▸ **DATA PROVIDED**:
::::
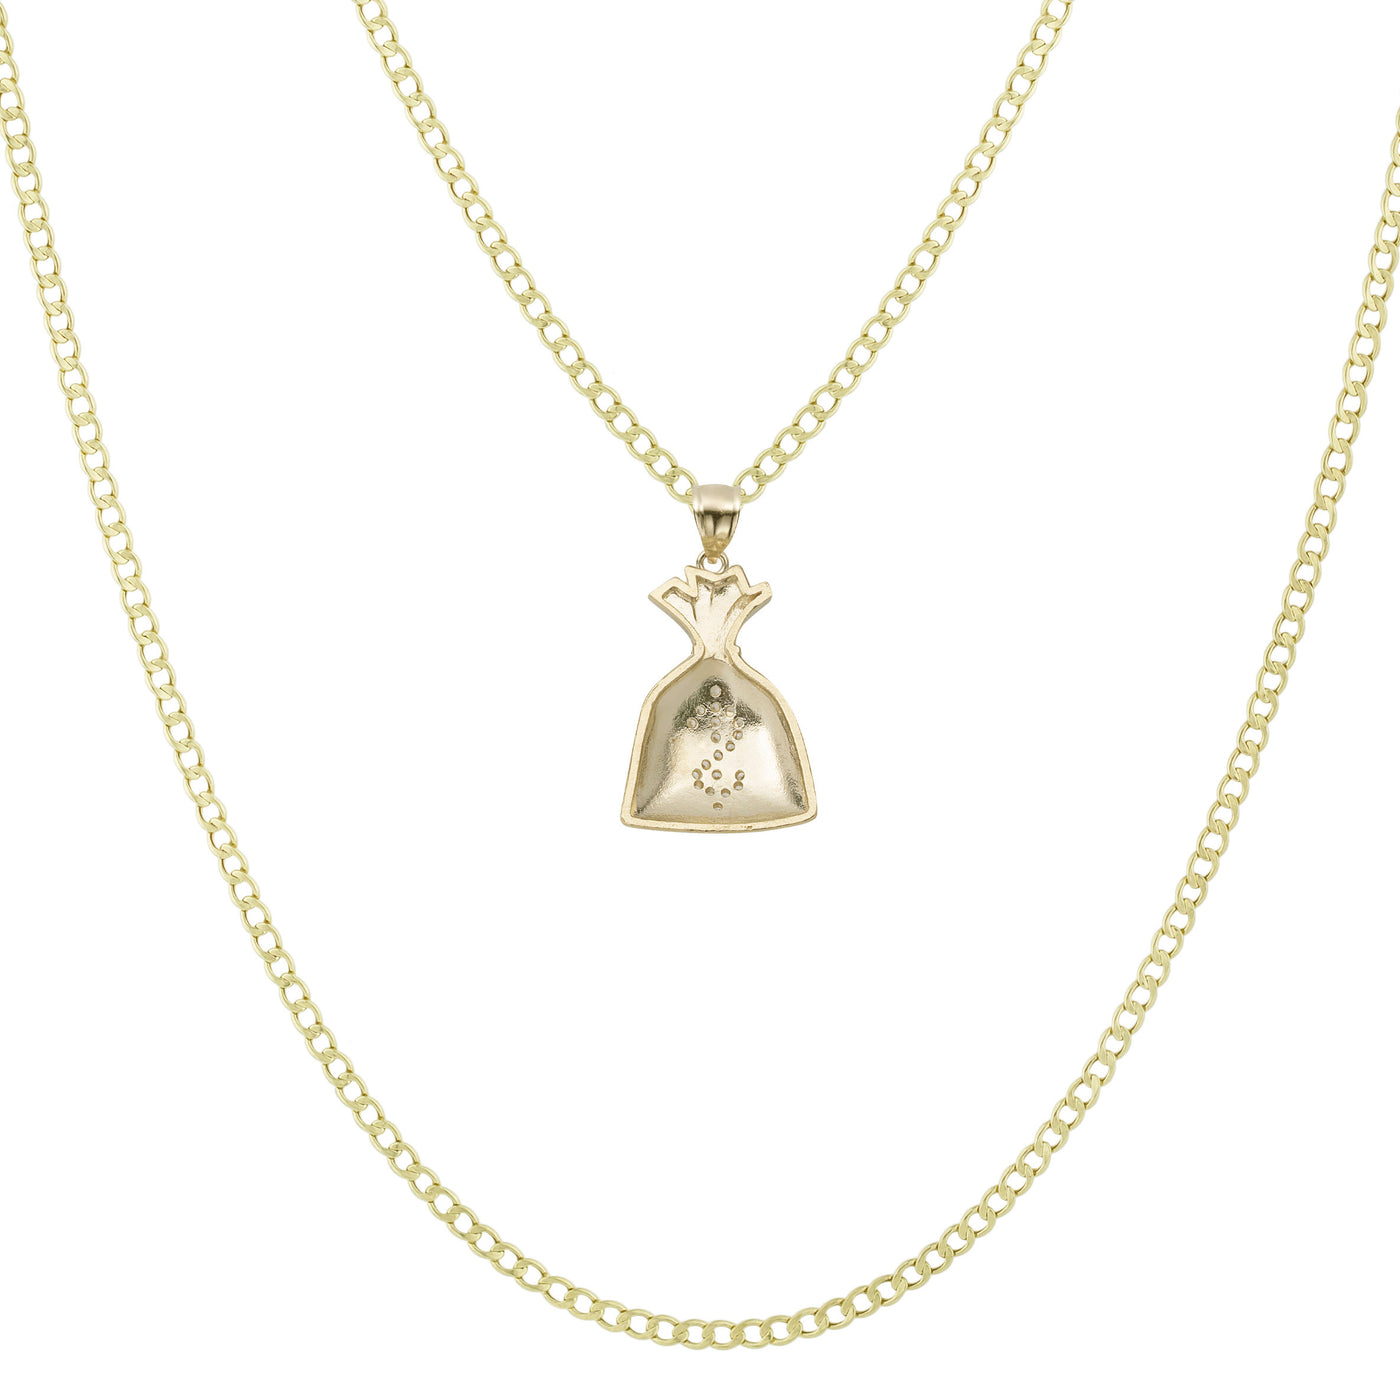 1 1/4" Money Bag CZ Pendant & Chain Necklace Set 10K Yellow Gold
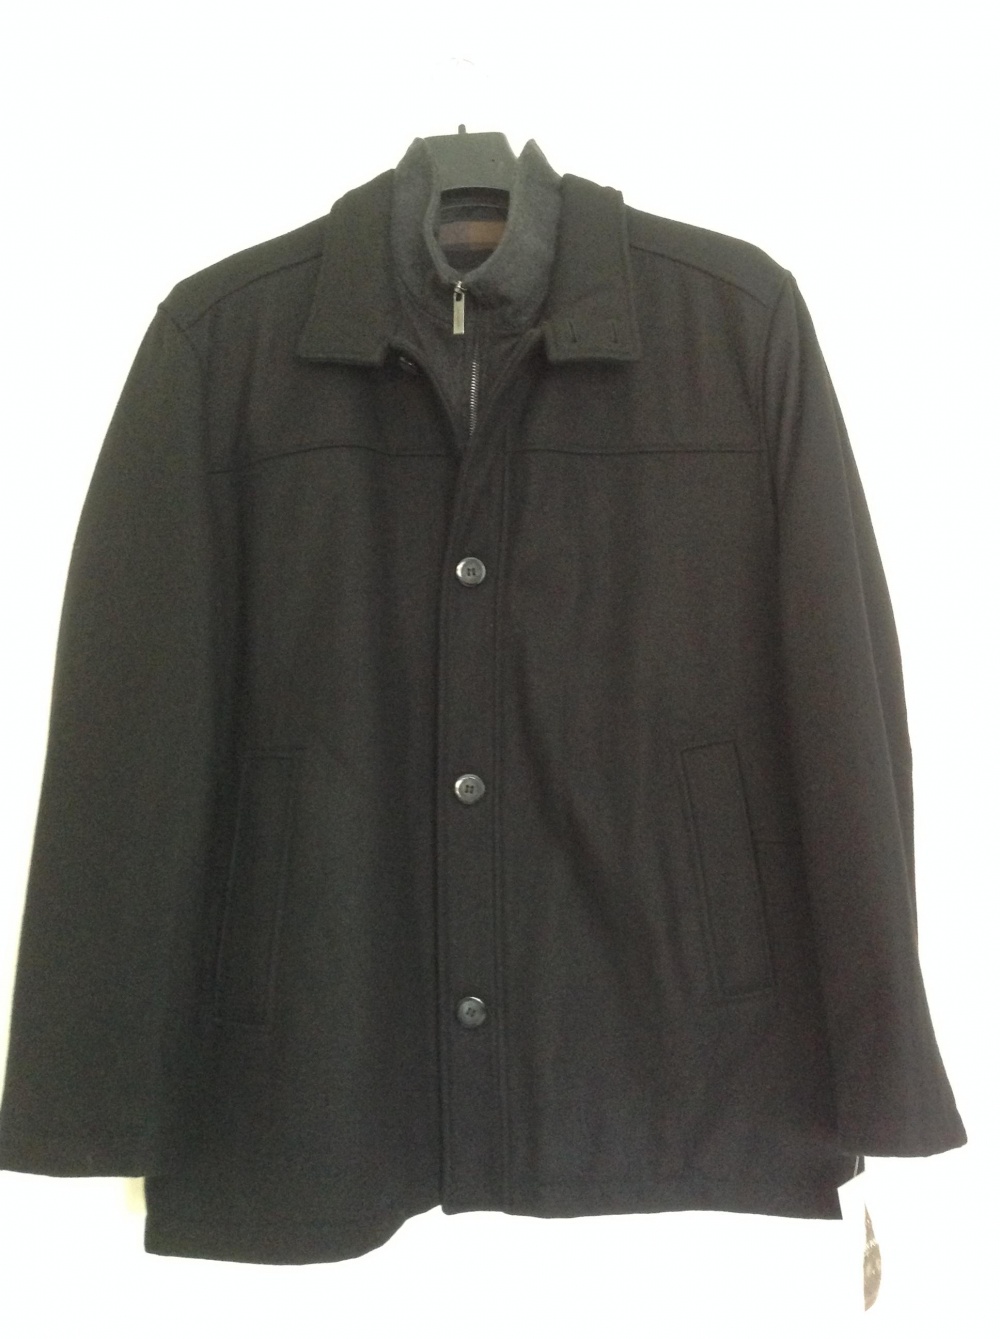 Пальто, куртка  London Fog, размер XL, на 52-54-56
::::
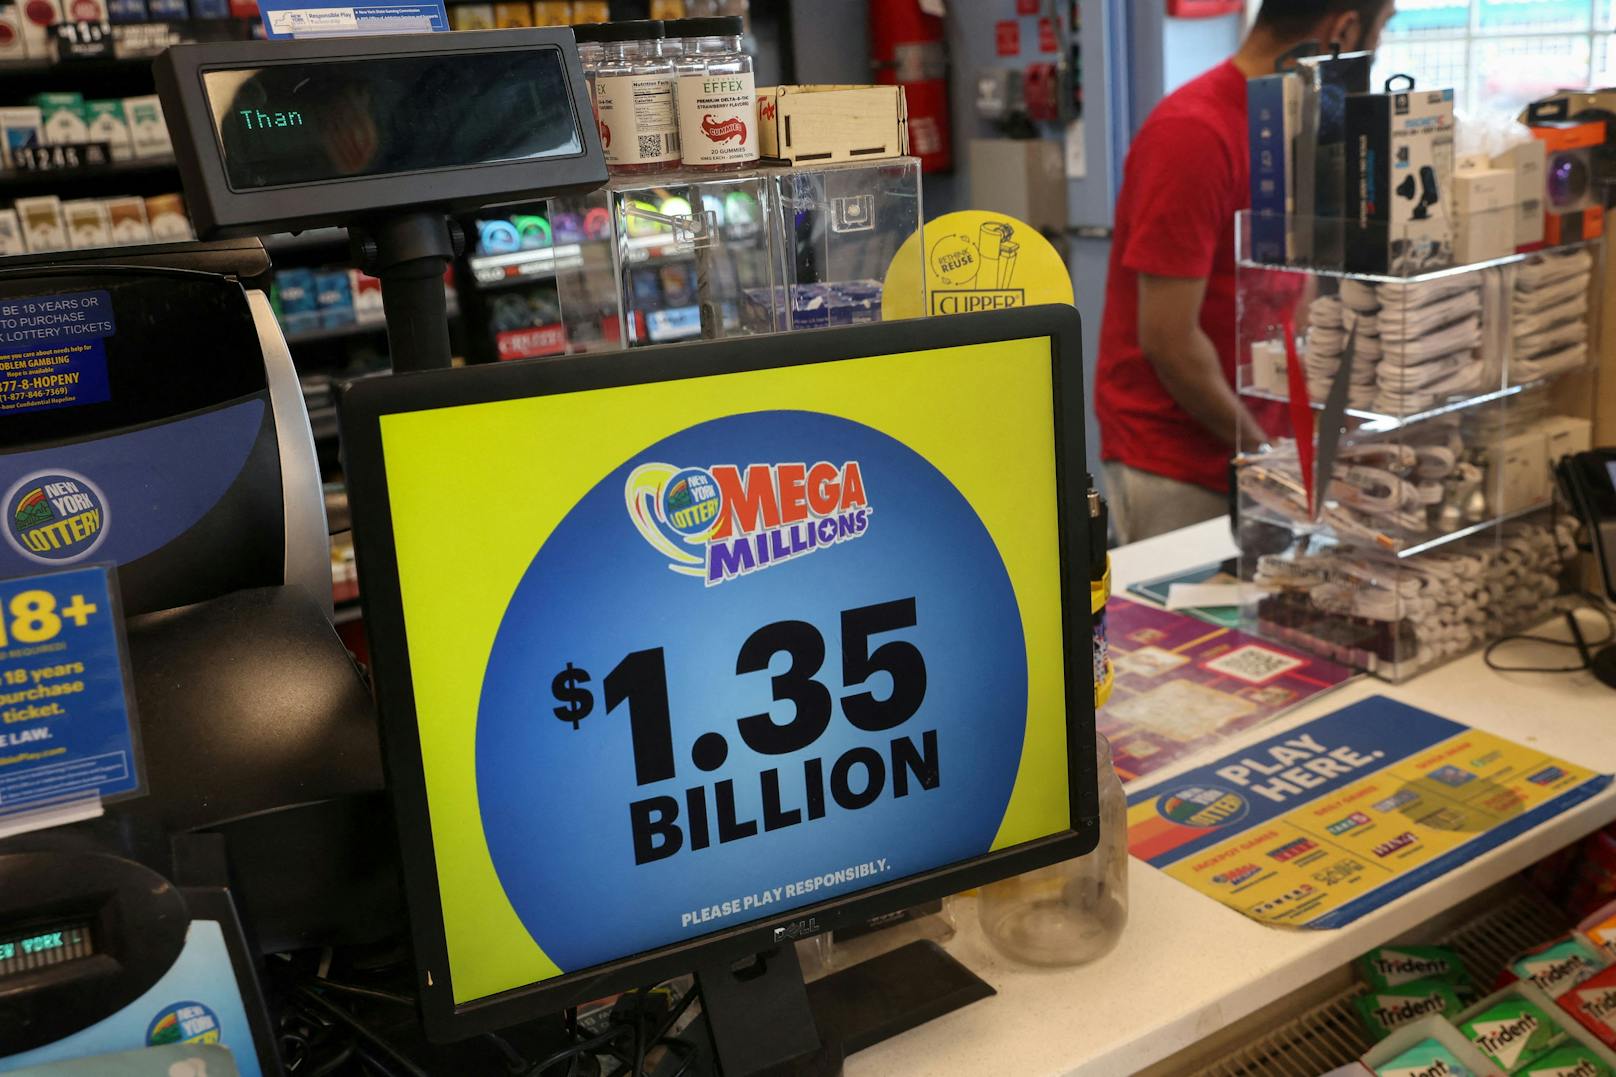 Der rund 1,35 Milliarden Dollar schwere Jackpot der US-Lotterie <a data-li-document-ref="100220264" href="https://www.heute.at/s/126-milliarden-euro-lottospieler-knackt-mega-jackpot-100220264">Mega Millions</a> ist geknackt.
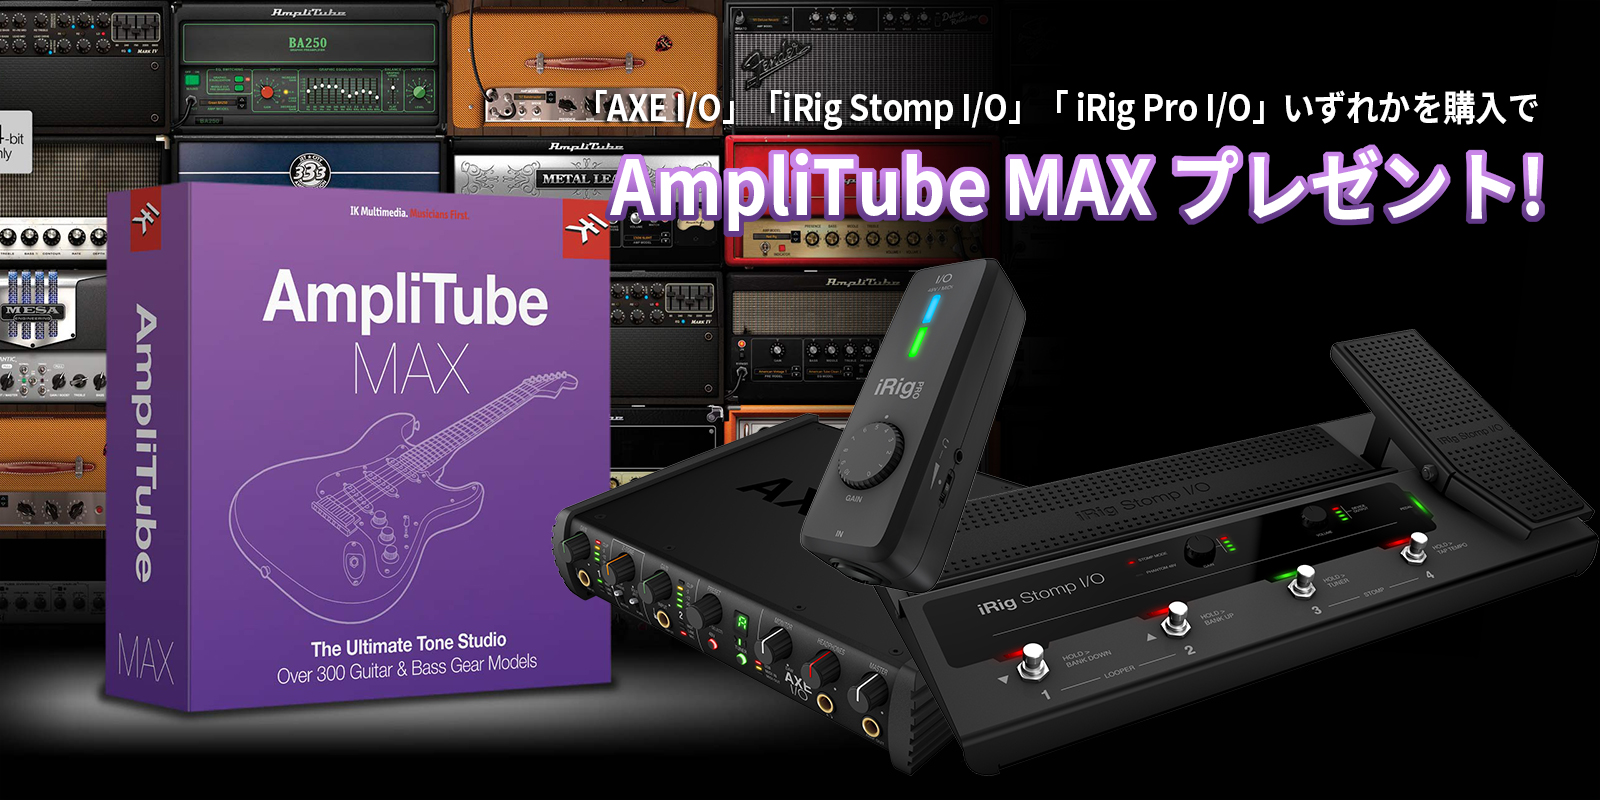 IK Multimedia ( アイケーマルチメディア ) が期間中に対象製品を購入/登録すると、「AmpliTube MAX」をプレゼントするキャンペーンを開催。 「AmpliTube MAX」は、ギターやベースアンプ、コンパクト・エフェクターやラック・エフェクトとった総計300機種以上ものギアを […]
::::
▸ **TASK**: Only one stretch of the listing is wanted: the lines starting at the one with "10K Yellow Gold" and ending at the one with "XL, на 52-54-56", copied exactly and free of pictures.

▸ **SOLUTION FOR THIS EXERCISE**:
 1 1/4" Money Bag CZ Pendant & Chain Necklace Set 10K Yellow Gold
 Пальто, куртка  London Fog, размер XL, на 52-54-56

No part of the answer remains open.